Still thinking, still considering, still realizing that I can dig deeper to uncover what I need to change. I remained silent long enough to come to a new understanding in one endeavor, and that served me better than speaking before I knew the true dynamics of the situation. Amazing. And yet we rush around thinking the more we do the better we’ll be, the more we say the smarter we’ll appear; but it doesn’t seem to work that way.

So I’m still working on realizing what it is I need to shed, or change. But I notice that the more I rest in that realization period, the more I observe what I am doing or how I am presenting myself, that I am adjusting my behavior. It might be something subtle, (and certainly didn’t include the two filled doughnuts), it might even be unconscious on my part, but it does take place.

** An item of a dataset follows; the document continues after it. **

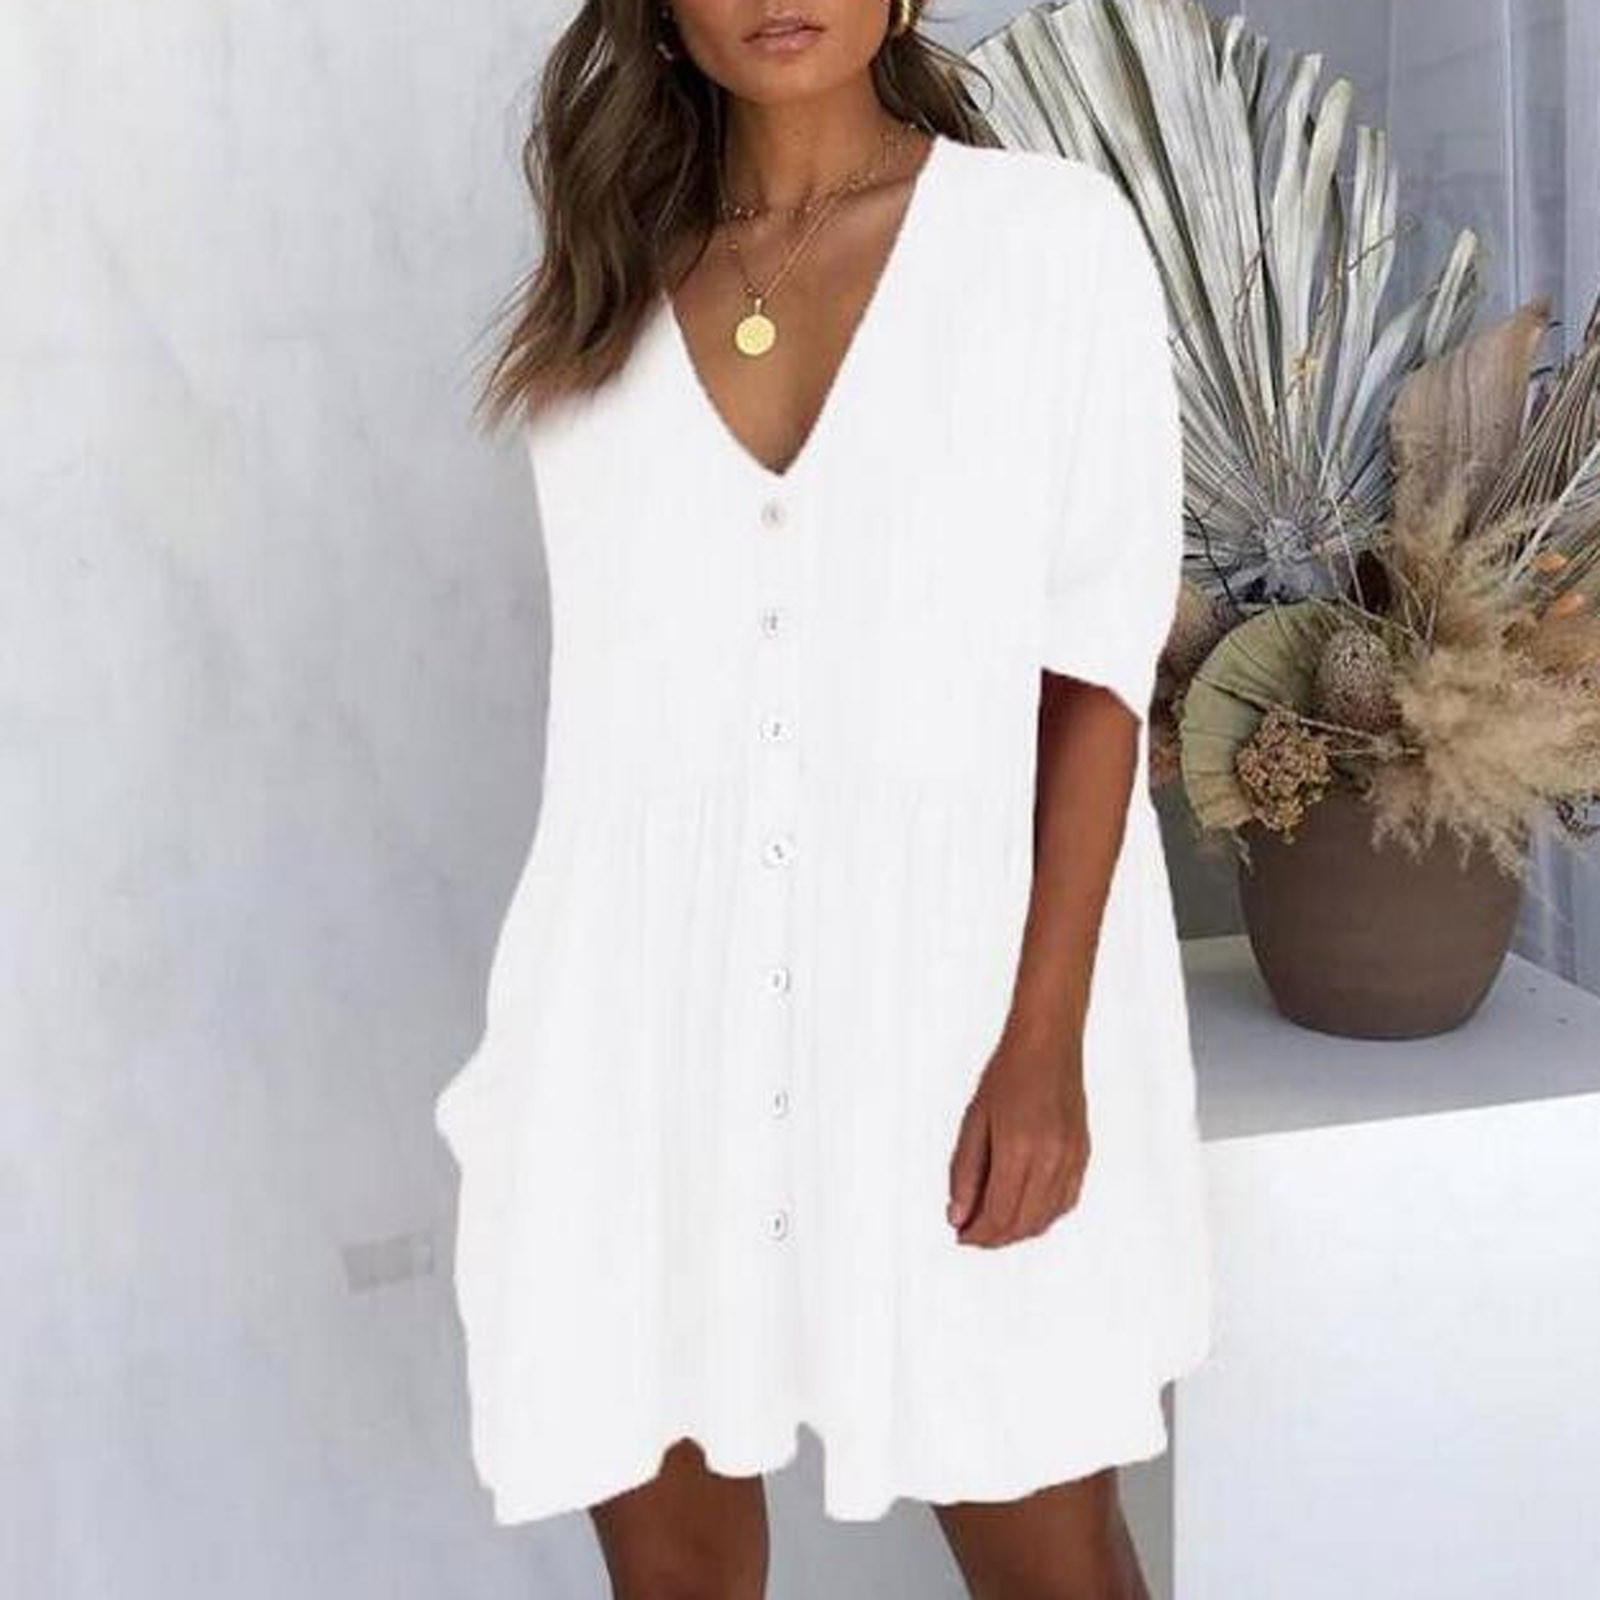 Women's Fashion Casual V-Neck Solid Short Sleeve Button Pocket Short Dress vestido de mujer summer dress платья для женщин 12

I think realization and awareness are closely linked. They overlap to some degree, though I want to explore the awareness phase in more detail beginning Monday. It’s difficult in this day to not feel the need to accomplish, to get to a finish line. Only when you realize that we all have the same finish line does that need to race to it begin to diminish. Only then do you begin to feel the true joy of the current moment.

J

Lent – Wednesday week 6

Nothing new.

Sometimes we strive to learn something new, do something different, stretch ourselves, our capabilities, expand… well, you get the picture.

Today, rest in routine. Focus on just being and not having to be something new and improved. I read once, I think it was a Buddhist practice, about doing the dishes and focusing on just doing the dishes. Nothing more. Not what you were going to do next, or how you felt about doing them. Just focus on the doing.

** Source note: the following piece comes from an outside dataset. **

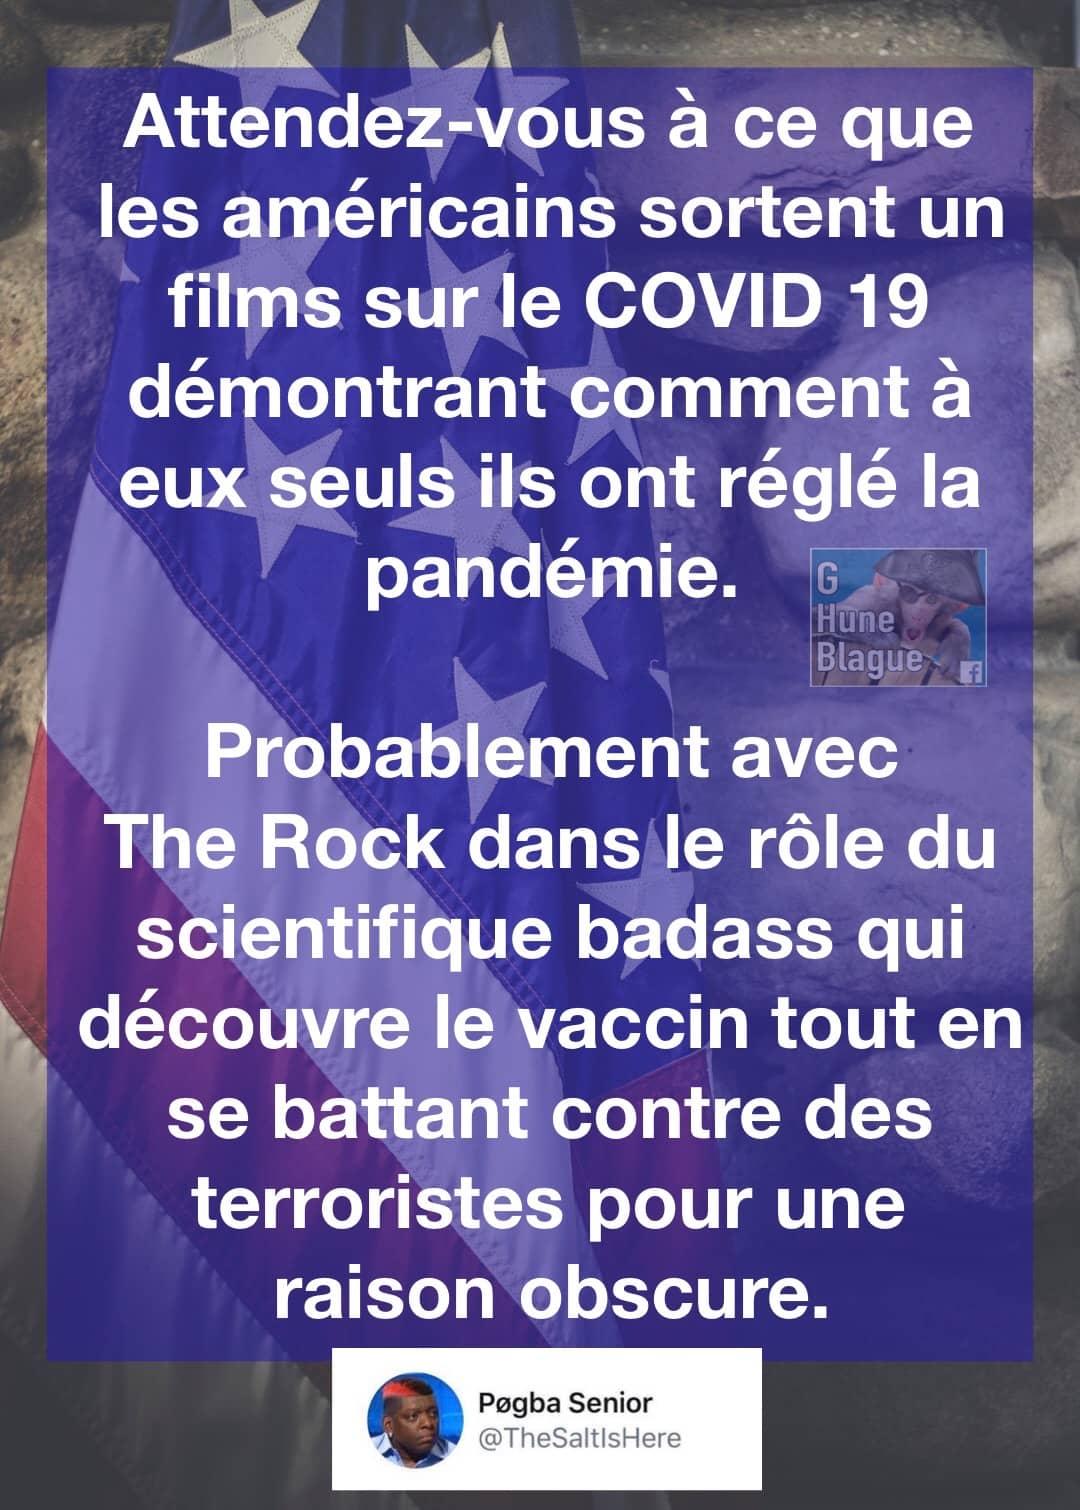 Attendez-vous prochainement à ce que les Américains sortent un film sur le Coronavirus qui démontrera comment à eux seuls ils ont réglé la pandémie. Avec The Rock dans le rôle principal

And I think a Christian adaptation added ‘for God’ to the mix, so that each little thing you did, you did ‘for God.’

Either way, focusing on the task at hand and nothing more is just a way to stay in the present moment. To not worry about what comes next.

I pray that this moment consumes my attention; that I am empty of all thought of what’s next on the list. The list is one. Always.

And in concentrating on the one, our senses are heightened toward the one, the creator.

Entering the now

It’s the first Sunday of Lent and if you’re following my Lenten journal, I hope you you took the last few days to rest and listen to your inner self. In a distracted world it is too easy to lose touch with what guides you.

This past week we have been inundated with conflicting news – the tragedy in Japan, March madness, Spring Training and multi-million dollar contract negotiations (or the lack thereof), and conflict in other parts of the world. Makes you think two different things: ‘Glad it’s not me,’ and ‘Wish it were me.’ The question becomes, ‘What really matters?’ If you’ve been fortunate to live through a disaster (in the instance where you experienced one), you’ll understand that in the immediate aftermath the only things that matter, and that you are thankful for, are your own safety and the safety of those dearest to you. Everything else shrinks to triviality.

I think if you live in the moment, that is one of its blessings. Things that seemed important shrink into insignificance. There is only now. Not yesterday. Not tomorrow. My heart aches at the tragedies occurring around the world and I become less interested in the plights of the rich trying to become richer; yet, no matter our standing, we cannot avoid life and all of its beauty, wonder, and danger.

To live now is to accept that, and to cherish all your interactions, whether they are as simple as raking leaves with a loved one nearby, or as complicated as negotiating peace between parties whose focus is only on themselves. Each moment you can choose your response. But only if you are aware of the opportunity.